GIVEN ENTRIES =
[Start of section]

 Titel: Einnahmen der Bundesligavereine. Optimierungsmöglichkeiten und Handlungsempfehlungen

[End of section]
[Start of section]

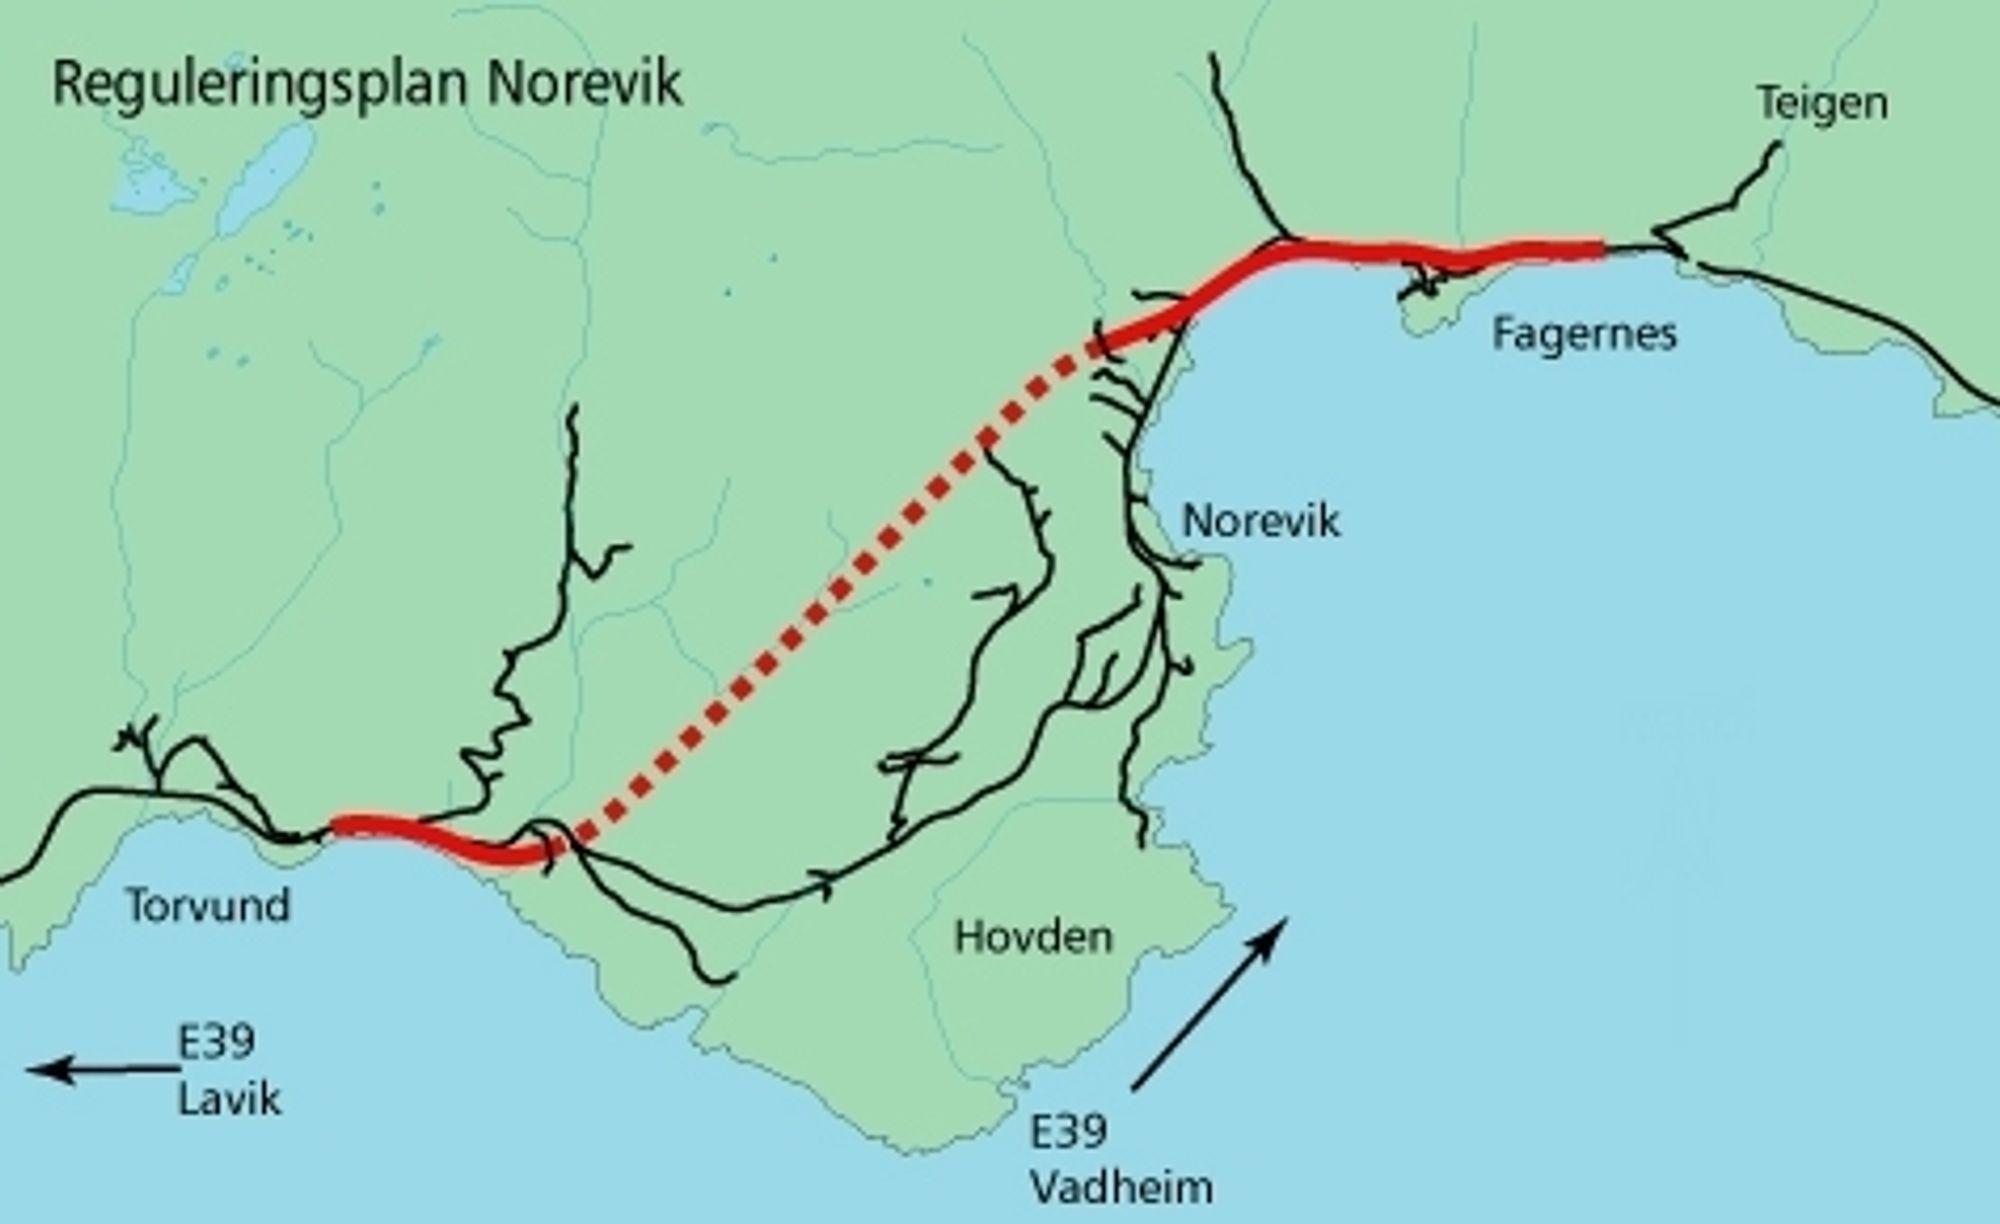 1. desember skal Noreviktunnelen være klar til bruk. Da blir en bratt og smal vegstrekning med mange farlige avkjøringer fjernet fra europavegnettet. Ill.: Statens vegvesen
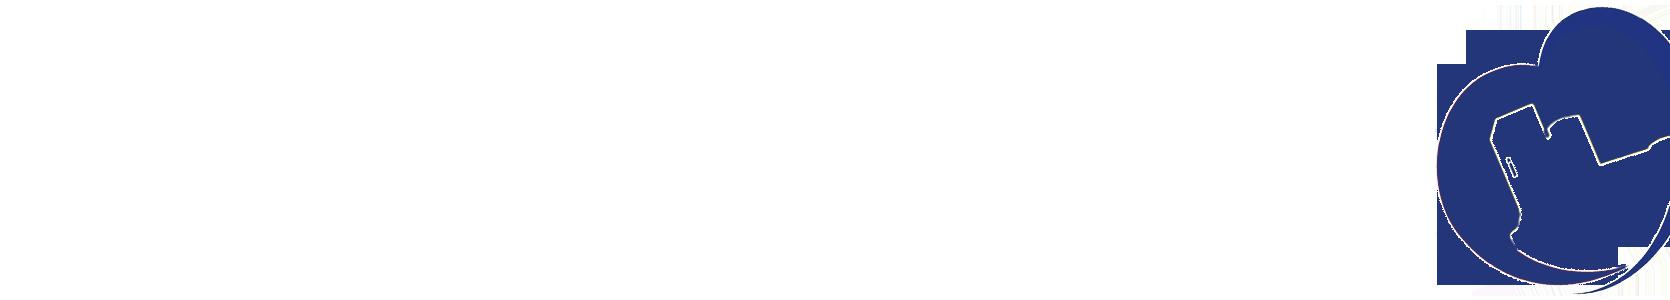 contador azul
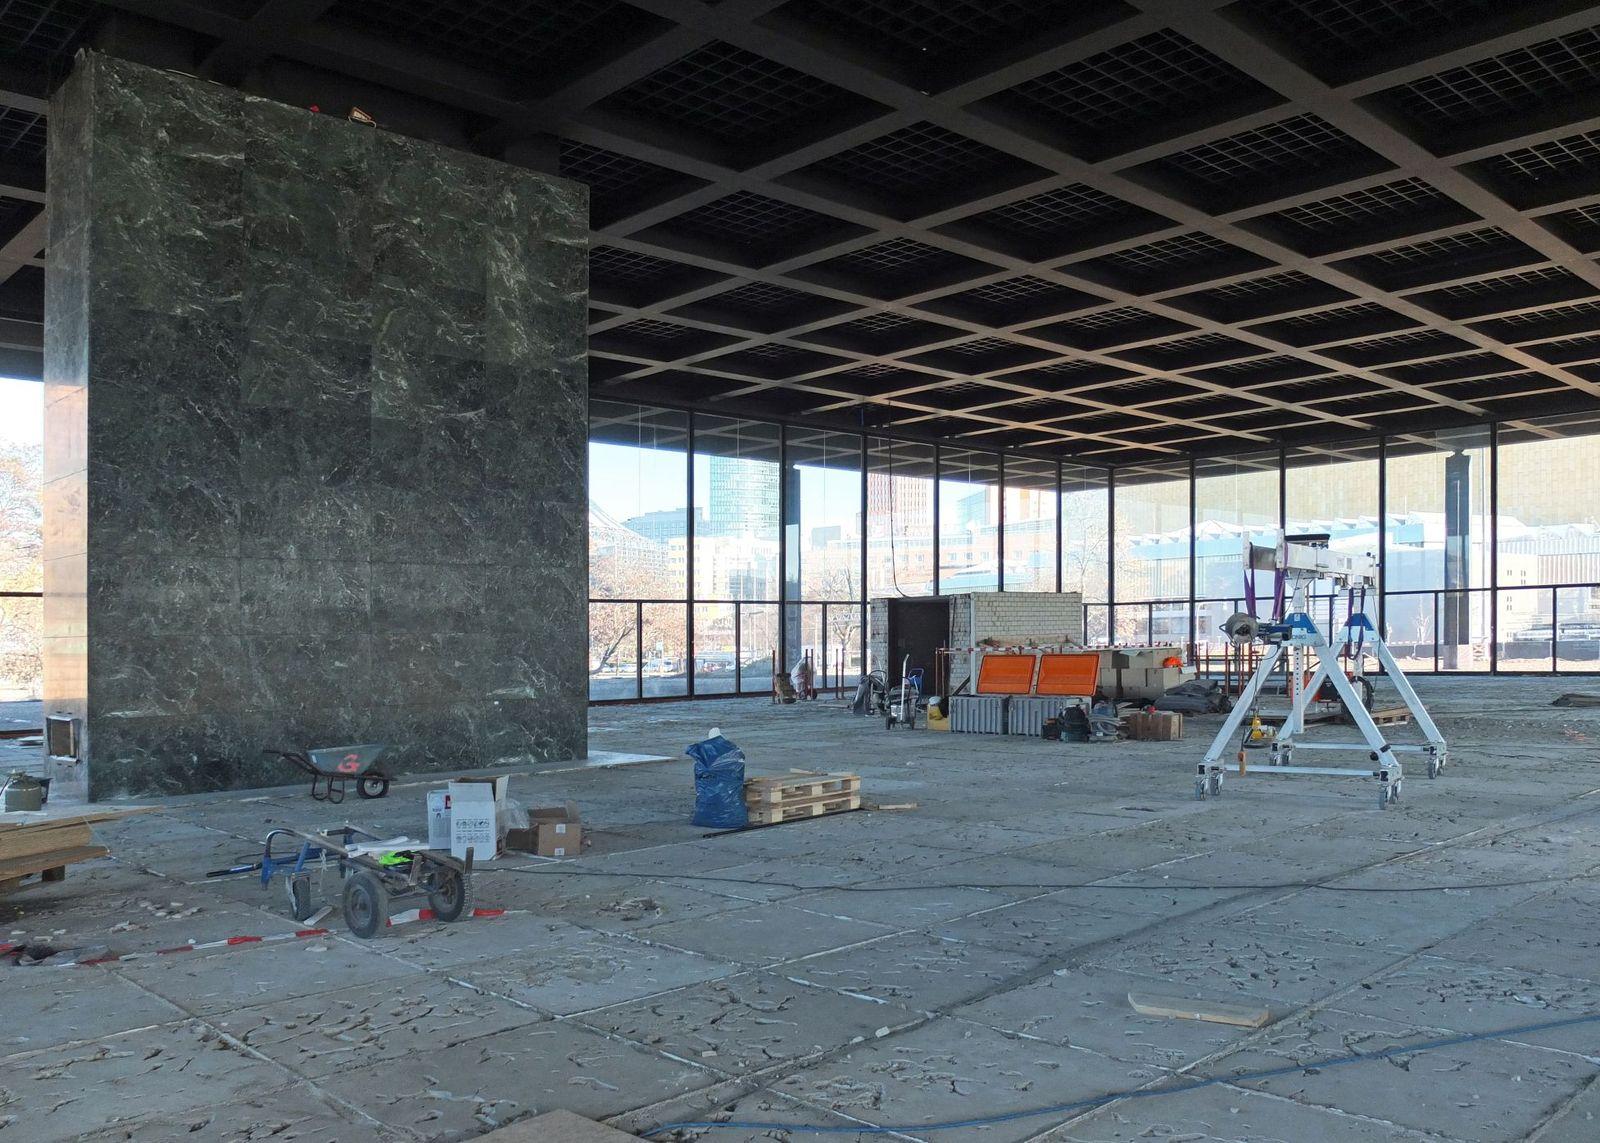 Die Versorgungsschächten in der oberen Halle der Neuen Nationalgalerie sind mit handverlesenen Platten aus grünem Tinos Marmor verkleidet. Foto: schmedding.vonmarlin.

[End of section]
[Start of section]

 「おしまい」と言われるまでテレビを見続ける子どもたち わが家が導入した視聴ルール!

[End of section]

INSTRUCTIONS TO FOLLOW = Beginning with the line holding "contador azul" in the material above, restate word for word each line through the line holding "Die Versorgungsschächten in", and exclude pictures.

TASK RESPONSE =
 contador azul
 Die Versorgungsschächten in der oberen Halle der Neuen Nationalgalerie sind mit handverlesenen Platten aus grünem Tinos Marmor verkleidet. Foto: schmedding.vonmarlin.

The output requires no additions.